WHAT YOU NEED TO DO
Word for word, give again the lines of the material below, from the one holding "<i>sca-1</i> is a" to the last, with nothing added.

-*-*-

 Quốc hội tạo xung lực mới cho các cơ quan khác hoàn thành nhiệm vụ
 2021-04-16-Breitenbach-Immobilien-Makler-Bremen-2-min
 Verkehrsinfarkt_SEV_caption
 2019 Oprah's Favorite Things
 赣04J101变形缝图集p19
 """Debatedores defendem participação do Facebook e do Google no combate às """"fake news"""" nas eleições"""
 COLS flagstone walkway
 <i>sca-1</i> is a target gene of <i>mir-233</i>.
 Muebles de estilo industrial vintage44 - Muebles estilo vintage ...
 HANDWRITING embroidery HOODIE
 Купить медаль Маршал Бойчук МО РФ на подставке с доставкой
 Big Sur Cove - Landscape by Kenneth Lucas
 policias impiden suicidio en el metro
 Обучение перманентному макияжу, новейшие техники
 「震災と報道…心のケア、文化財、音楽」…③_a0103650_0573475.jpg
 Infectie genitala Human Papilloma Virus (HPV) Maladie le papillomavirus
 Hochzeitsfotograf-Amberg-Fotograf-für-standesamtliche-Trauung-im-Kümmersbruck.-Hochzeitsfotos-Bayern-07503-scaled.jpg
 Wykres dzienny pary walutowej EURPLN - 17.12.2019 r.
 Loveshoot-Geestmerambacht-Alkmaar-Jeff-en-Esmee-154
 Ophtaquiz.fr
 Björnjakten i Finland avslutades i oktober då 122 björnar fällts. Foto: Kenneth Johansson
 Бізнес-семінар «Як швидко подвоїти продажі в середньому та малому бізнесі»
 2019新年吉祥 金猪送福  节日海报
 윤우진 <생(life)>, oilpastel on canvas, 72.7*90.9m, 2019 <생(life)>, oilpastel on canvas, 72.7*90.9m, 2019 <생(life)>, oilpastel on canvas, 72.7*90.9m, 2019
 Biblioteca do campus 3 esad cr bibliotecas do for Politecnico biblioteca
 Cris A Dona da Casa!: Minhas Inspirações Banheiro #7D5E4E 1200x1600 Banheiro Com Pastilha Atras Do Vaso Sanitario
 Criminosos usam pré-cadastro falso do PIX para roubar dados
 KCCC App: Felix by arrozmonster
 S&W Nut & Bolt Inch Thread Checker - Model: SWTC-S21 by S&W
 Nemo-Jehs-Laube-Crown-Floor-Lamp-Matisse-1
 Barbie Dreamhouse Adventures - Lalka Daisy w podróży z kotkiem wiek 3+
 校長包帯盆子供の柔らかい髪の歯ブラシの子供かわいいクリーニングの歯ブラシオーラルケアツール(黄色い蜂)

-*-*-

ANSWER SECTION
 <i>sca-1</i> is a target gene of <i>mir-233</i>.
 Muebles de estilo industrial vintage44 - Muebles estilo vintage ...
 HANDWRITING embroidery HOODIE
 Купить медаль Маршал Бойчук МО РФ на подставке с доставкой
 Big Sur Cove - Landscape by Kenneth Lucas
 policias impiden suicidio en el metro
 Обучение перманентному макияжу, новейшие техники
 「震災と報道…心のケア、文化財、音楽」…③_a0103650_0573475.jpg
 Infectie genitala Human Papilloma Virus (HPV) Maladie le papillomavirus
 Hochzeitsfotograf-Amberg-Fotograf-für-standesamtliche-Trauung-im-Kümmersbruck.-Hochzeitsfotos-Bayern-07503-scaled.jpg
 Wykres dzienny pary walutowej EURPLN - 17.12.2019 r.
 Loveshoot-Geestmerambacht-Alkmaar-Jeff-en-Esmee-154
 Ophtaquiz.fr
 Björnjakten i Finland avslutades i oktober då 122 björnar fällts. Foto: Kenneth Johansson
 Бізнес-семінар «Як швидко подвоїти продажі в середньому та малому бізнесі»
 2019新年吉祥 金猪送福  节日海报
 윤우진 <생(life)>, oilpastel on canvas, 72.7*90.9m, 2019 <생(life)>, oilpastel on canvas, 72.7*90.9m, 2019 <생(life)>, oilpastel on canvas, 72.7*90.9m, 2019
 Biblioteca do campus 3 esad cr bibliotecas do for Politecnico biblioteca
 Cris A Dona da Casa!: Minhas Inspirações Banheiro #7D5E4E 1200x1600 Banheiro Com Pastilha Atras Do Vaso Sanitario
 Criminosos usam pré-cadastro falso do PIX para roubar dados
 KCCC App: Felix by arrozmonster
 S&W Nut & Bolt Inch Thread Checker - Model: SWTC-S21 by S&W
 Nemo-Jehs-Laube-Crown-Floor-Lamp-Matisse-1
 Barbie Dreamhouse Adventures - Lalka Daisy w podróży z kotkiem wiek 3+
 校長包帯盆子供の柔らかい髪の歯ブラシの子供かわいいクリーニングの歯ブラシオーラルケアツール(黄色い蜂)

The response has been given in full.